The resume is a snapshot into your life. It’s what potential employers look at before they call you for an interview. Make sure to promote your value by listing all relevant experience on your resume. Present most of your accomplishments and job duties in bullet points. Most human resource employees spend a minute at the most on your resume, according to Forbes. Because of this, your resume should be concise. Bullet points allow for them to find keywords more quickly. You might have to simplify it to keep it from being too long. It should not be more than two pages.

Maybe you have something in your resume that is turning off a potential employer. It’s important to not have employment gaps or at least as few as possible.

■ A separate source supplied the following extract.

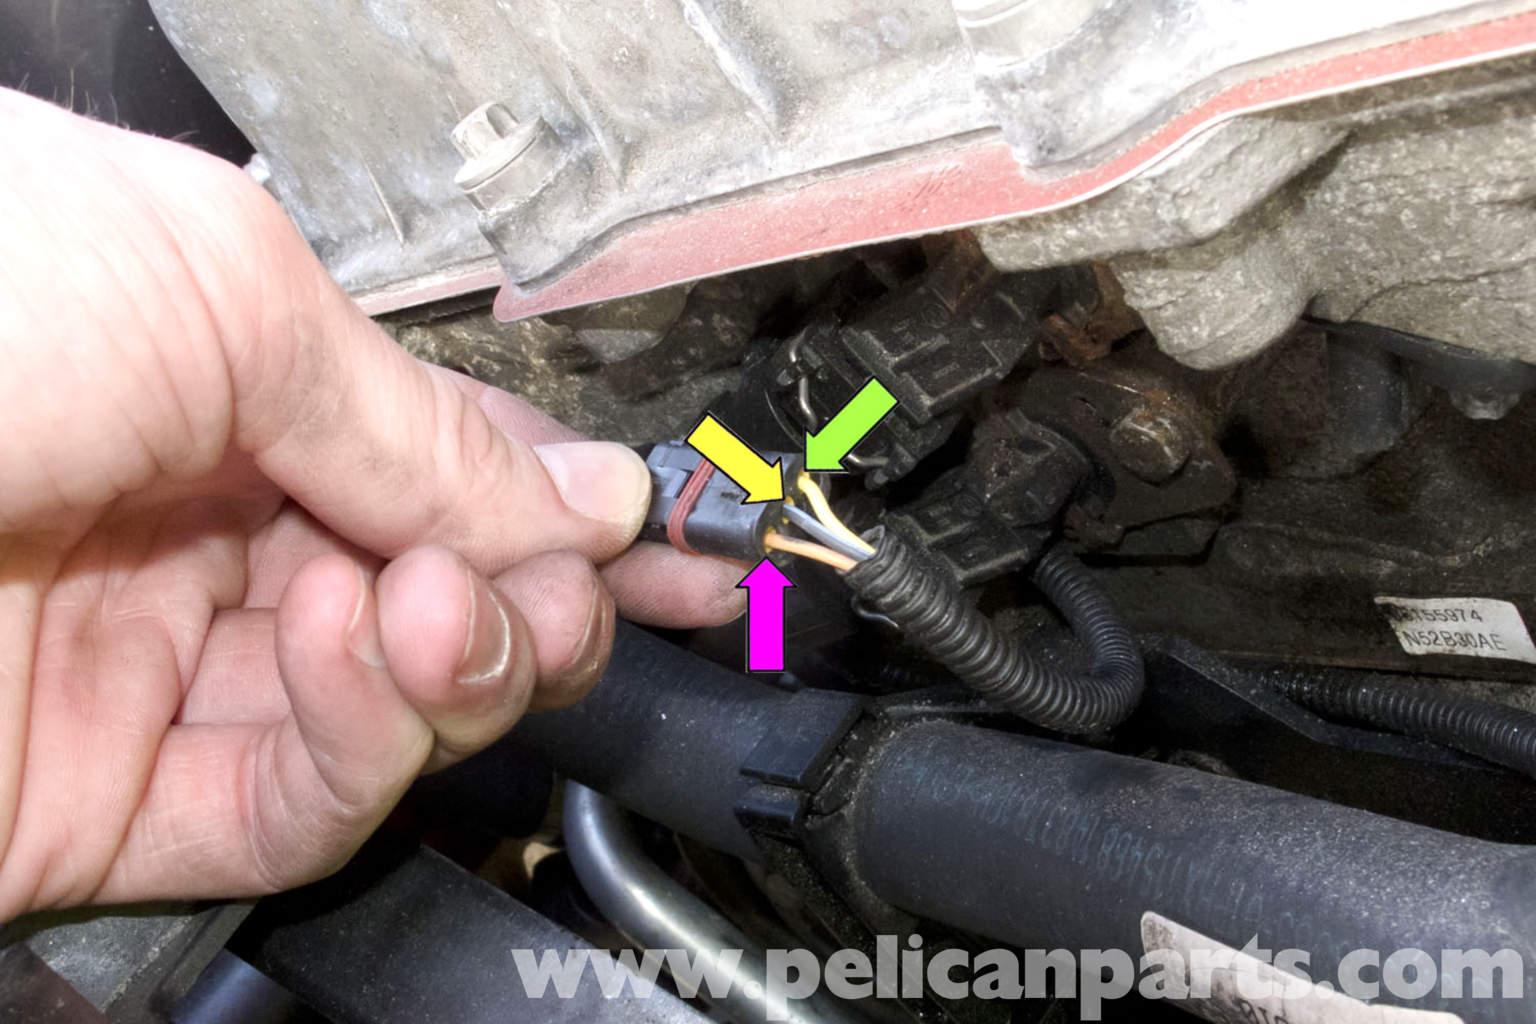 Sensor Wiring Diagram Pin Connector Is Pin 1 Yellow Pin 2 Red Pin 3

Share your experiences that have had positive outcomes. Strengthen your resume by listing multiple examples of these experiences. Consider writing out your objective in your profile. What do you want? Set goals and be specific.

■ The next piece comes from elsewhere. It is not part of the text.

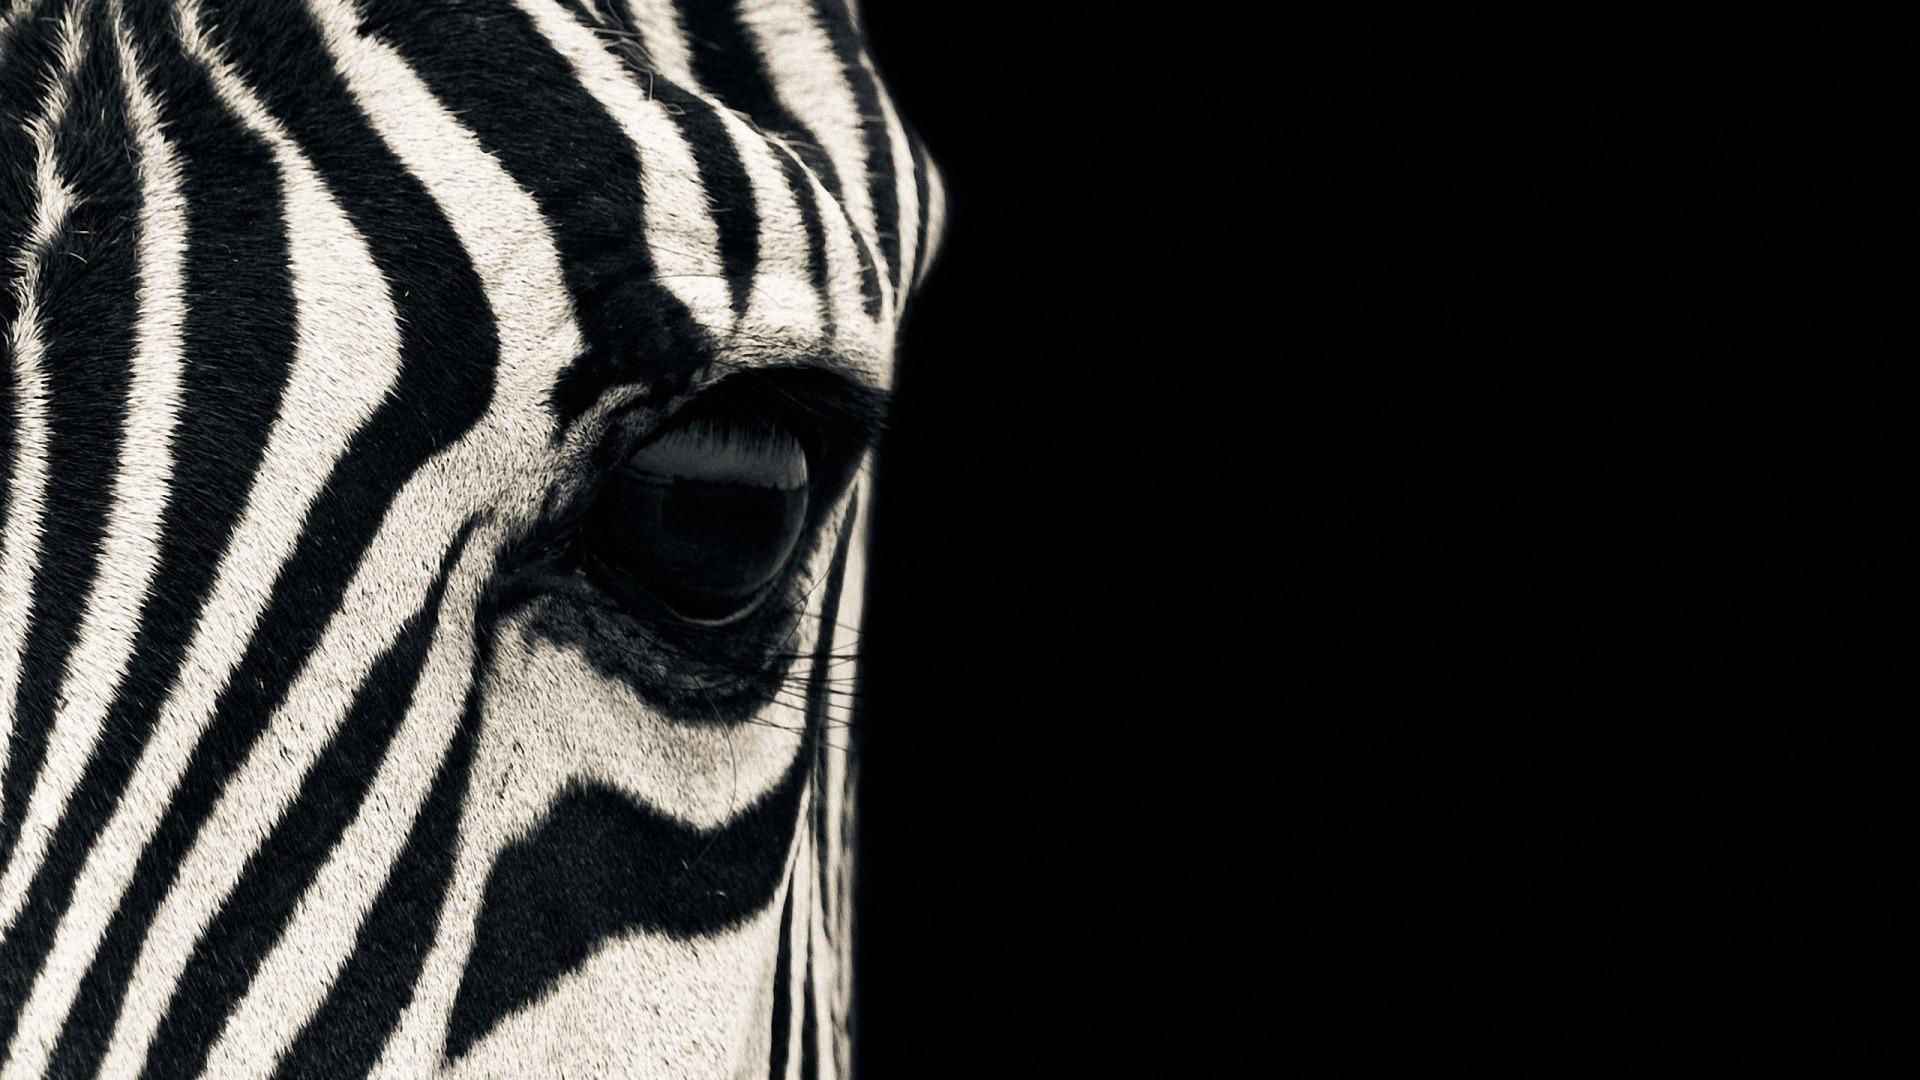 Zebra wallpapers pictures images for Zebra wallpaper

Look at developing two resumes. One should be very detailed to include all your experience and skills. The second should be tailored to show that you have the experience to meet the requirements of the job you want. A resume that doesn’t show that you’ll excel at the desired position is the top reason most people aren’t getting interviews, according to U.S. News. Make sure your resume shows what you accomplished at your previous assignments. Don’t just list where you previously worked. This won’t tell a potential employer anything about how well you did at the jobs. People who get the most interviews list their achievements at each job. Human resource employees don’t care that you’ve worked a bunch of jobs in a row.

Write a cover letter that shows more than a summary of what you’ve already presented in your resume. If your cover letter is only a summary of your resume, it’s not going to help you, and you might as well not send one, according to U.S. News. A good cover letter will show why you will be good at the job you want. Be inspiring. Add some personality to your cover letter, and you’ll start getting calls for interviews.

Ask the right people to look over your resume and cover letter. You might have let multiple people look at your resume, and they tell you it’s fine. Don’t settle for a resume that’s fine. Make it great! Sometimes family and friends aren’t the best people to review your resume. Ask someone with hiring experience to look at it and provide feedback. A test to see whether someone will provide good feedback is to give them a resume with just a list of job duties instead of achievements. If they say it’s fine, you’ll know to look on for advice.

If you want a position in which you have no work history, explain to employers why you would be a great fit for the job. You can’t rely on them to figure it out. Others who are looking at the position you want might already have the needed experience to do the job. Because of this, getting this job will be a challenge. Employers might not be willing to take a chance on you when they have other applicants with previous experience in the position.

So we’ve covered three key areas on making yourself more marketable: promote your value, transition to advanced skills positions and how to get more interviews. We hope we’ve helped to make you more marketable. Good luck and go land your dream job!